Le torte ripiene sono uno dei piatti più diffusi nella cucina europea,
presenti fin dal medioevo in numerosi ricettari con nomi
diversi (pastelo, crosta, empanada, torta), ma con metodi di preparazione
simili. Il successo di questa vivanda è dovuto senza
dubbio alla possibilità di preparare il ripieno con tutto ciò che
fosse reperibile sul mercato, rendendola adatta ai «giorni di
grasso» come a quelli «di magro», ma anche alla diffusione dei
forni pubblici, in cui acquistare la pietanza pronta o far cuocere
quella preparata in casa.
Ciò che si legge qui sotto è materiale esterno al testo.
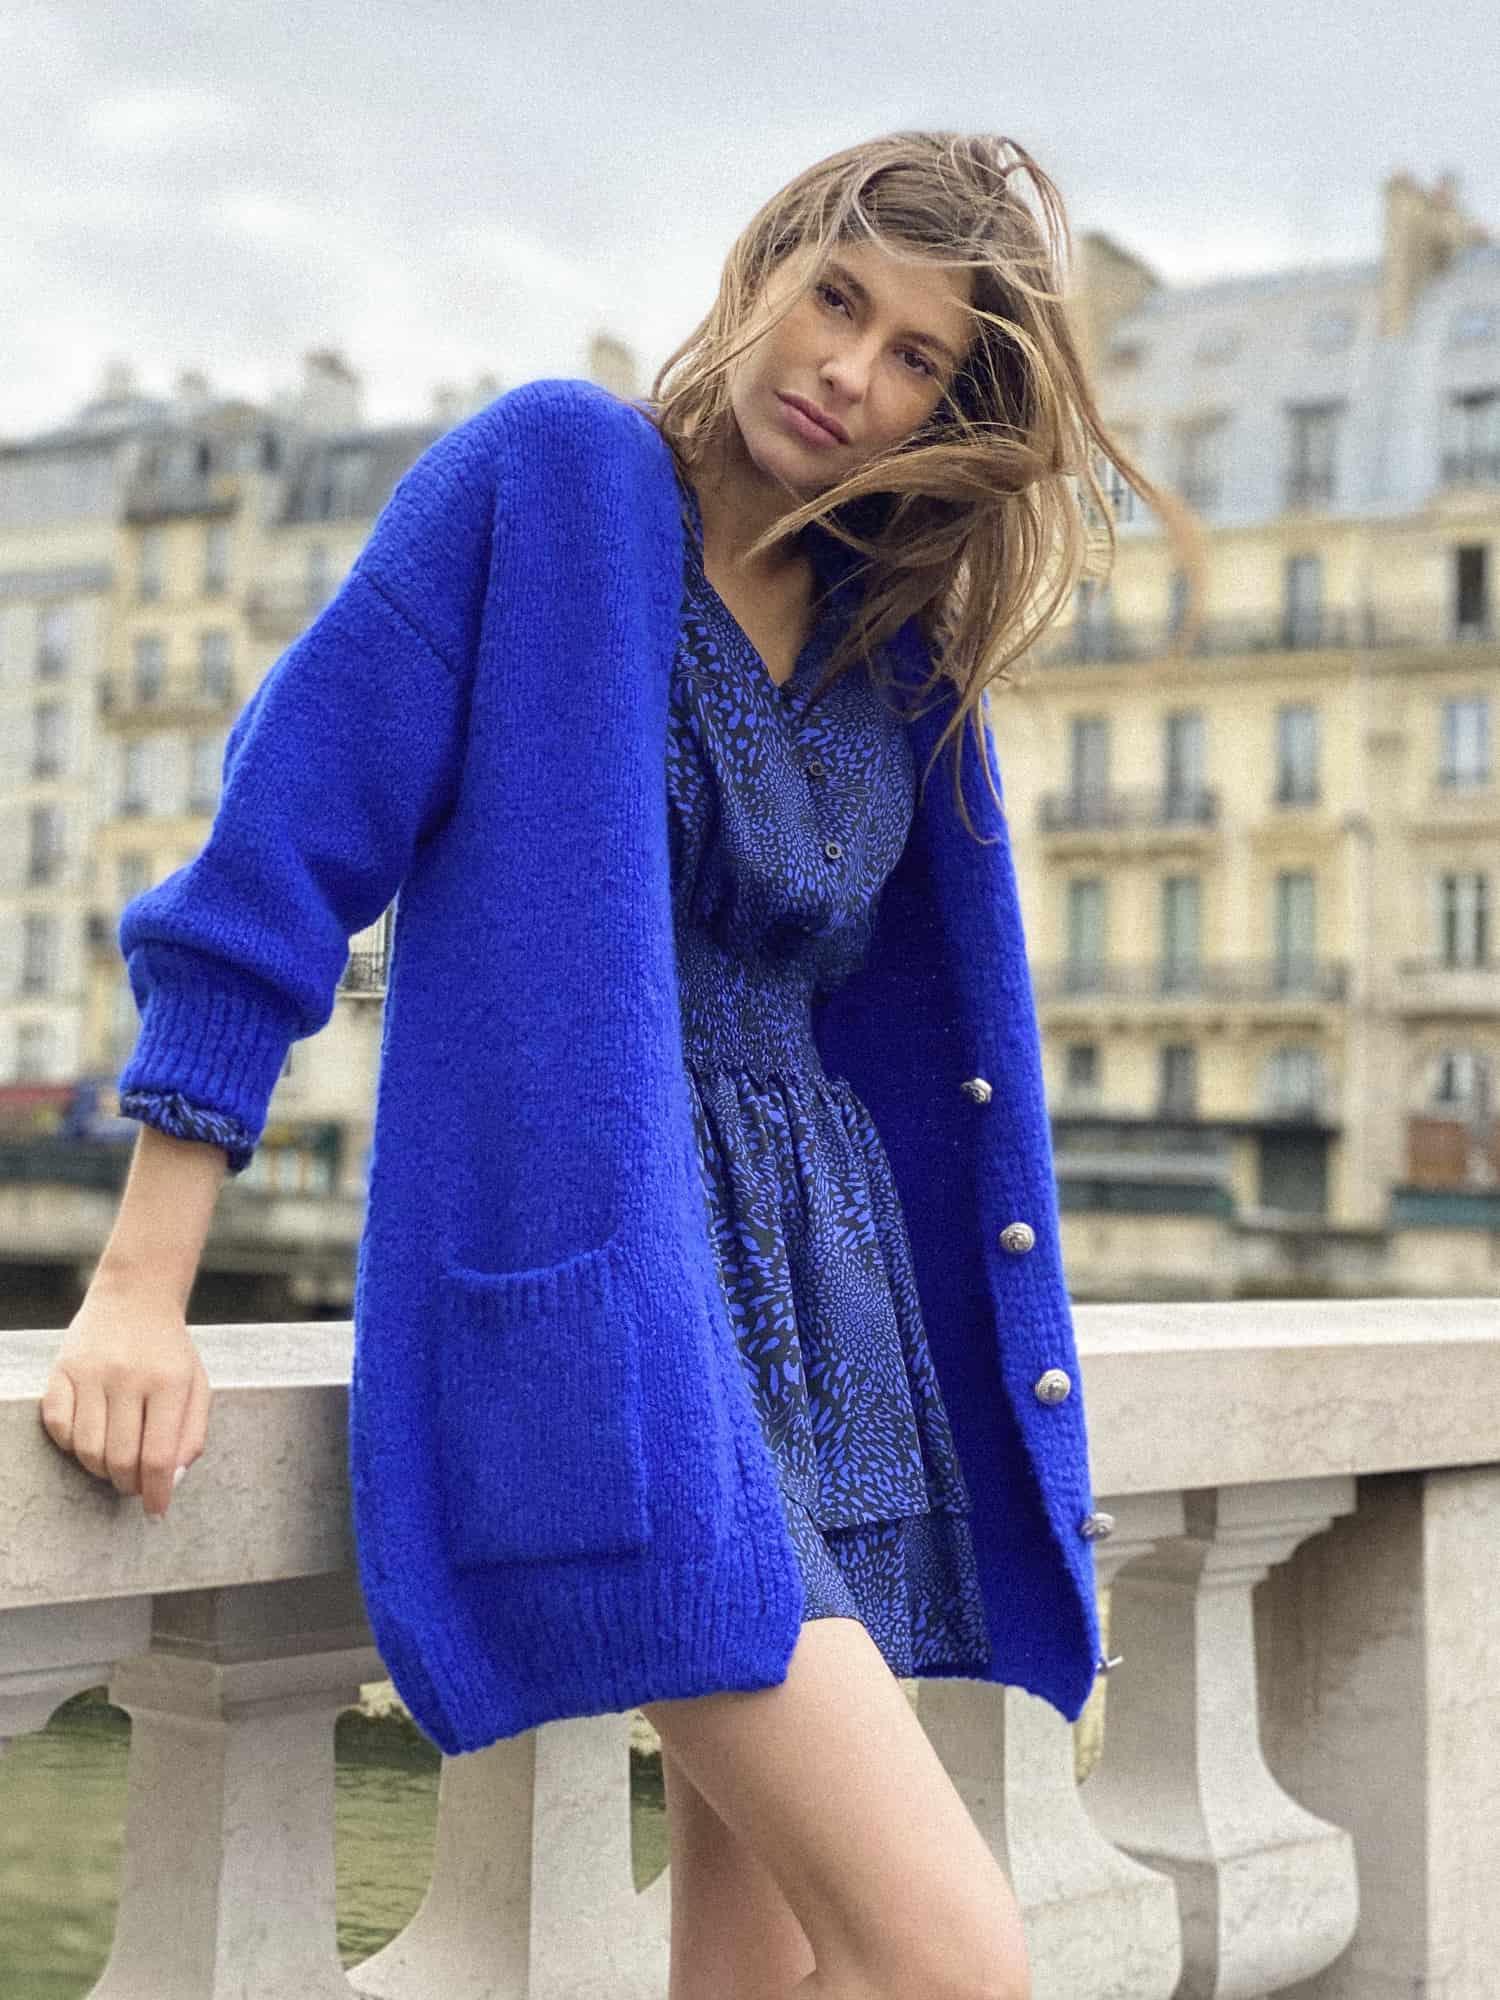 janice aw21 kobaltblauw vest

In alternativa all'uso del forno pubblico,
la torta veniva cotta sul fuoco, come dimostrano i testi degli antichi
ricettari. Risulta subito evidente come dalla torta per i giorni
di magro del XIII secolo derivi l'attuale Torta Pasqualina ligure,
con numerosi strati di sfoglia e ripieno di bietole, ancora in vendita nelle
rosticcerie tradizionali.
Pastelo de capretto (per i giorni di grasso) Ingredienti: carne di capretto, lardo, erbe odorose, zafferano, formaggio fresco, uova, pasta di pane. Poni uno capricto tagliato ben minuto et suffrigi forte con lardo et sopra puni quelle carni et summatamente le suffrigi posato. Le bone herbe odorifere in bona quantità et çafarame et pista forte, et formagio frisco con quelle herbe bene trite, et destempera colle ova sì che sia bene mollo, et destempera con quellé dicte carni et mictele in uno vascello sopra la brascia tanto ch'el sia uno poco spisso. Et farrai la pasta nellu texto convenevelemente sottile, et micte de lardo in mezo del testo et del pasta. Poi tolli pepe che baste et la carne colle ove, tucto mixto in su lu testo, et fa un'altra pasta et mictila desopra, et puni la brascia desopra et desocto, et spisso la cerca, et mieti de lardo et manduca.
Tagliare la carne di capretto a pezzetti, soffriggere a fuoco
forte il lardo, poi aggiungere la carne e soffriggere leggermente.
Tritare una buona quantità di erbe odorose, zafferano e formaggio
fresco e mescolare con le uova, formando un composto morbido;
unirvi le carni e cuocere il tutto a fuoco lento, per addensarlo. Fare
una pasta sottile, foderarvi una teglia unta e riempire col composto,
aggiungendo pepe; poi coprire con altra pasta, chiudendo
i bordi. Far cuocere il pastelo in forno, finché non è gonfio.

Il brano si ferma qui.